A virtual profile, like any other profile, is a directory somewhere in the [incr tsdb()] profile database `home' directory. The only file one needs to put into a virtual profile directory is one called `virtual'. The virtual file, in turn, contains the profile names of sub-profiles,

 "jh0"
 "jh1"
 "jh2"
 "jh3"
 "jh4"
 "jh5"
 "ps"
 "tg"

The `jh0' et al. must be valid profile names (visible in the podium), and the double quotes are mandatory.
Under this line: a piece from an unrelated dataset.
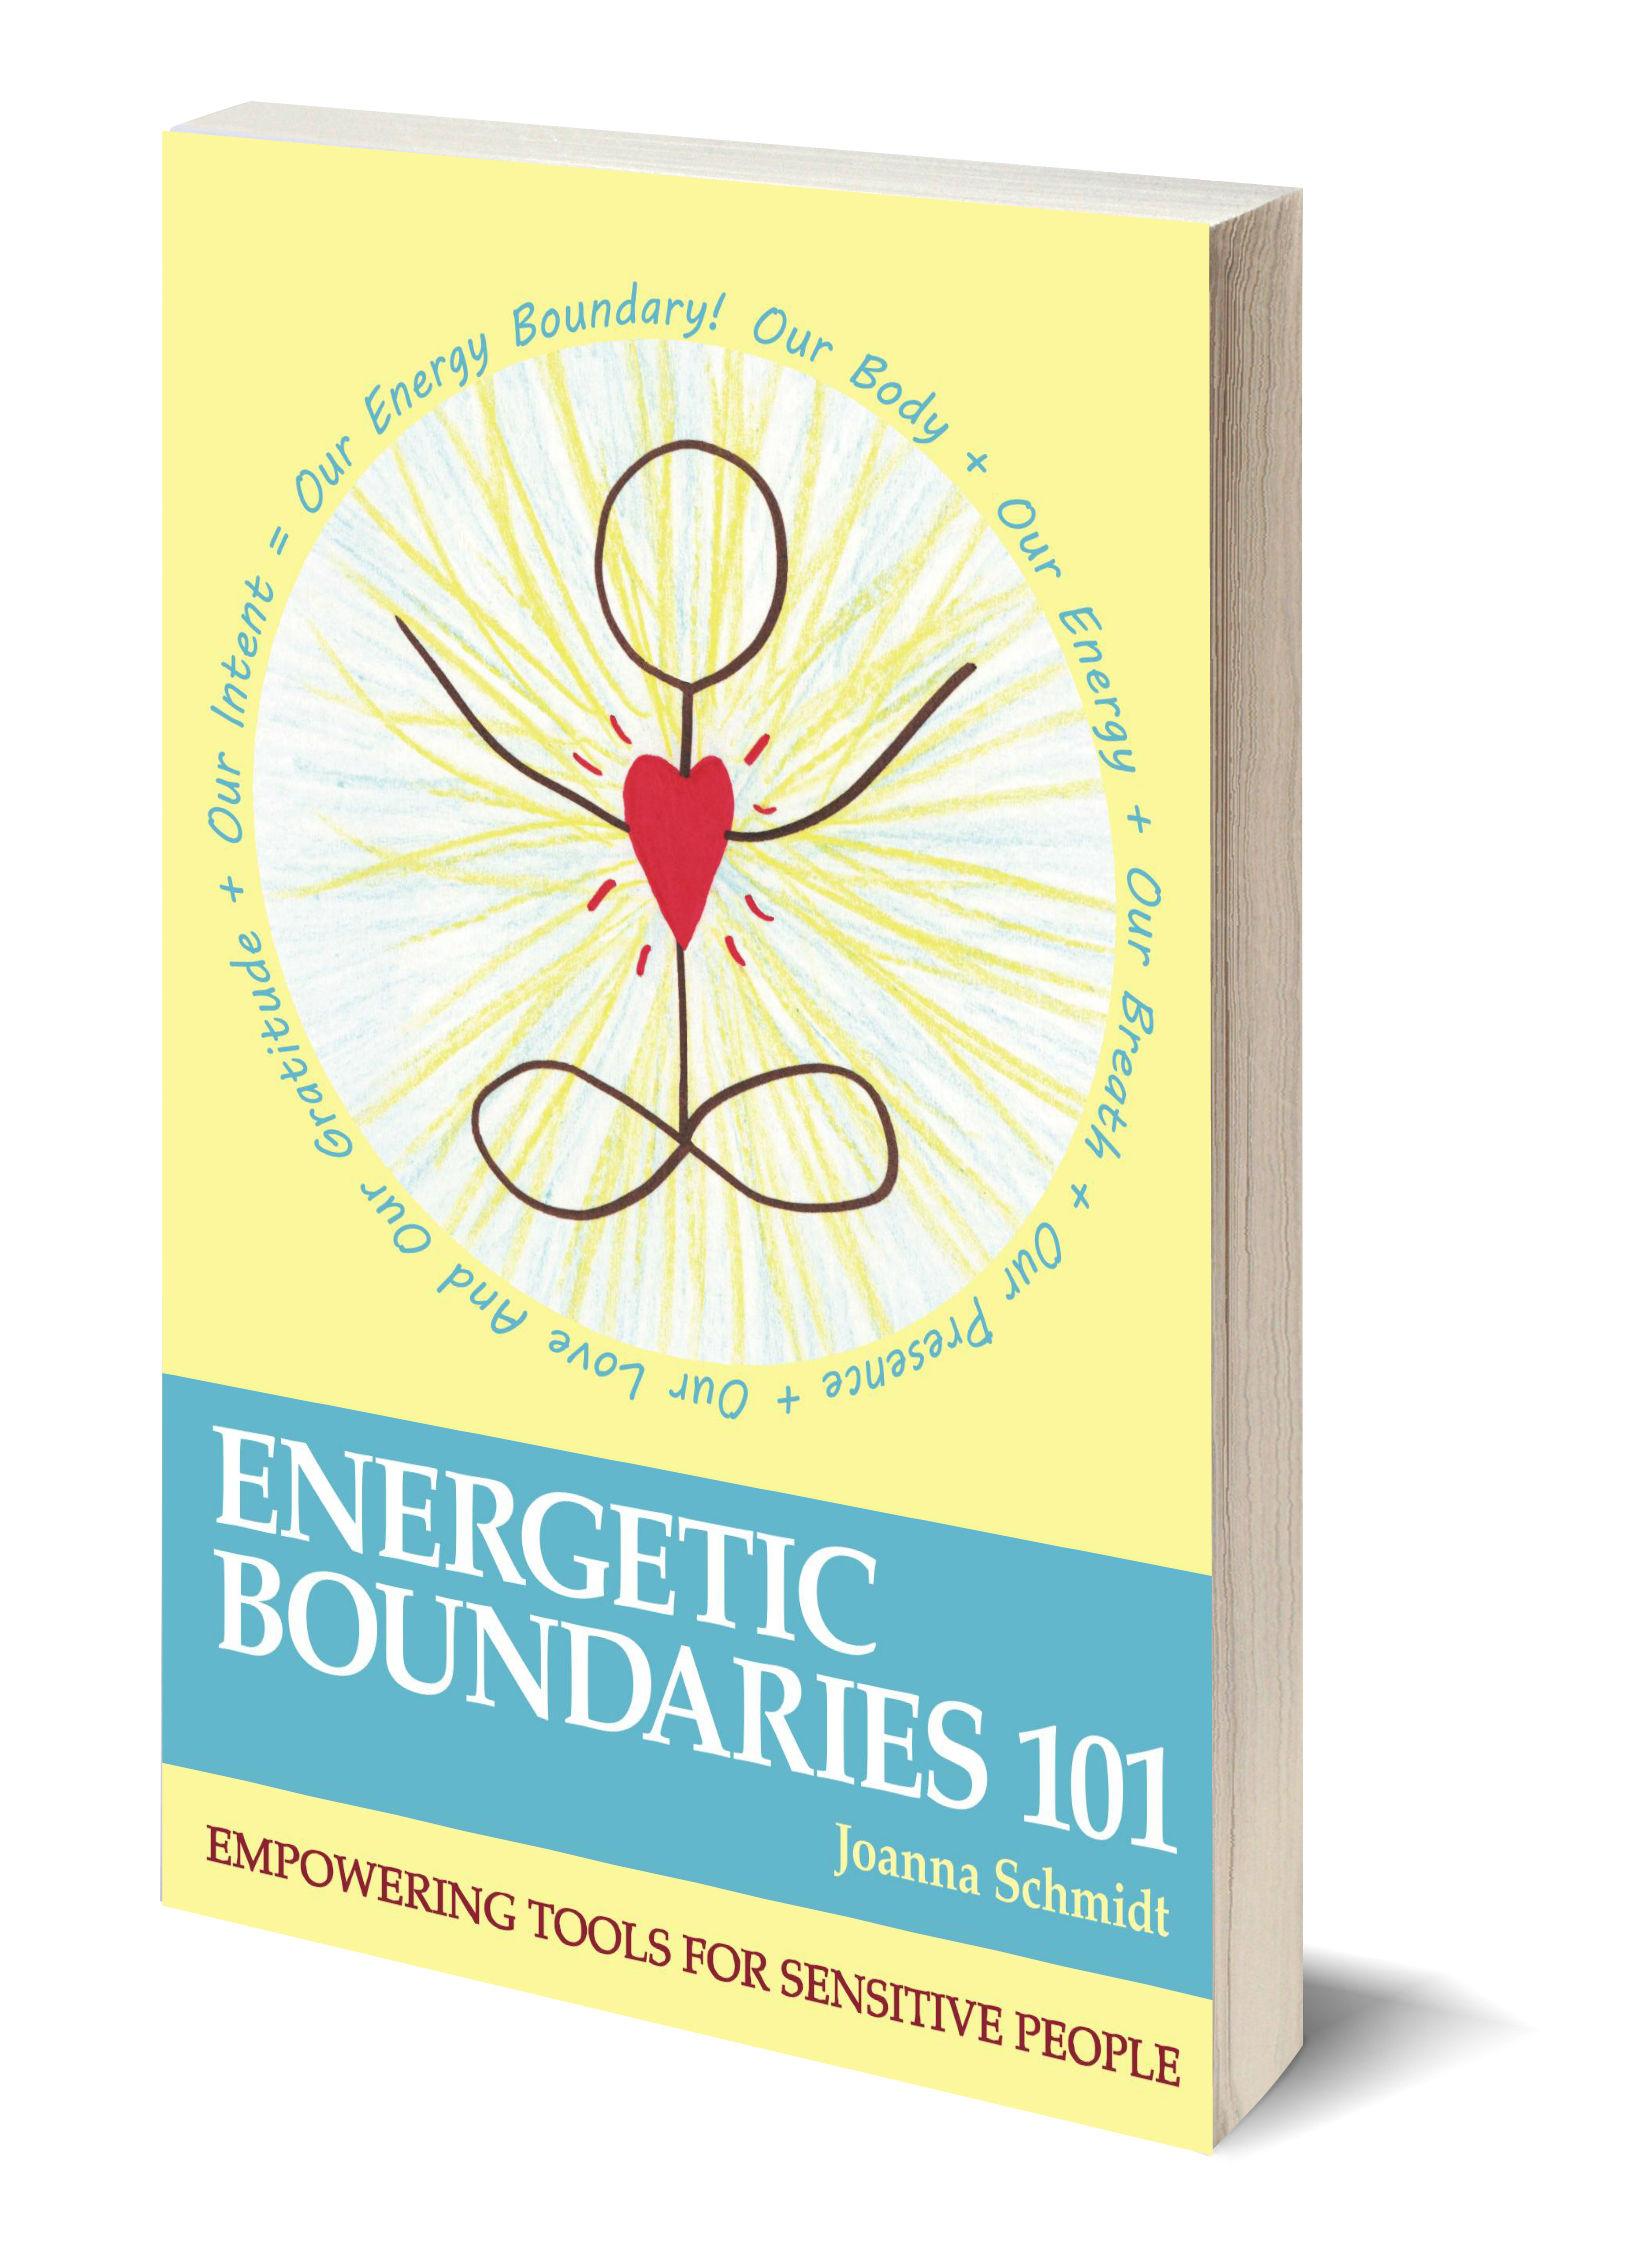 Energetic Boundaries 101, by Joanna Schmidt

A few restrictions: virtual profiles are read-only and currently do not show in the tsdb podium. However, they can be useful in training and evaluating parse selection models.

Batch Scripts

You can call [incr tsdb()] from within a batch script. This makes it possible to parse, update, normalize, export and so on from the comfort of your terminal.

There is an example batch scripts for exporting in the normal installation: $DELPHINHOME/lkb/src/tsdb/home/export.

It is called as follows, to export a single profile:

  ./export redwoods/jun-04/vm6/04-06-11

There are other batch scripts in LOGON tree (see LogonTop). In the top directory are scripts for parsing, generating and transfering. See the LogonProcessing page for some further instructions.

There are more scripts under lingo/redwoods/ for training stochastic models.

There is a script by the name `load' (essentially setting up the environment for a variety of experimental tasks) and input files `fc.lisp' (creating the feature cache, a one-time operation); `grid.lisp' (executing a large number of experiments, with varying feature sets and estimation parameters); and finally `train.lisp' (training and serializing a model, using a default set of parameters). Note that, since virtual profiles are read-only, you will still need a skeleton for the full data set, as each iteration in `grid.lisp' needs to write scores et al. In late 2006, it is suggested that people should use the LOGON tree for parse selection experiments. It also includes suitable TADM (and SVM) binaries.

Memory Use

Batch processing is much faster for some tasks (e.g. automatic treebank updates and normalization).

However, some task remain challenging. See the note on memory requirements for exporting toward the bottom of RedwoodsTop. In the Hinoki project, we are now forced to use a 64 bit machine to export, as we often run out of memory with the 32 bit lisp.

Customization

You can discover which function calls to use by tracing them while using the podium. For example, in the *common-lisp* buffer type :trace tsdb::browse-trees then run the sequence of commands you want to batch from the menus and look at the output in the buffer. This can then be converted into a script.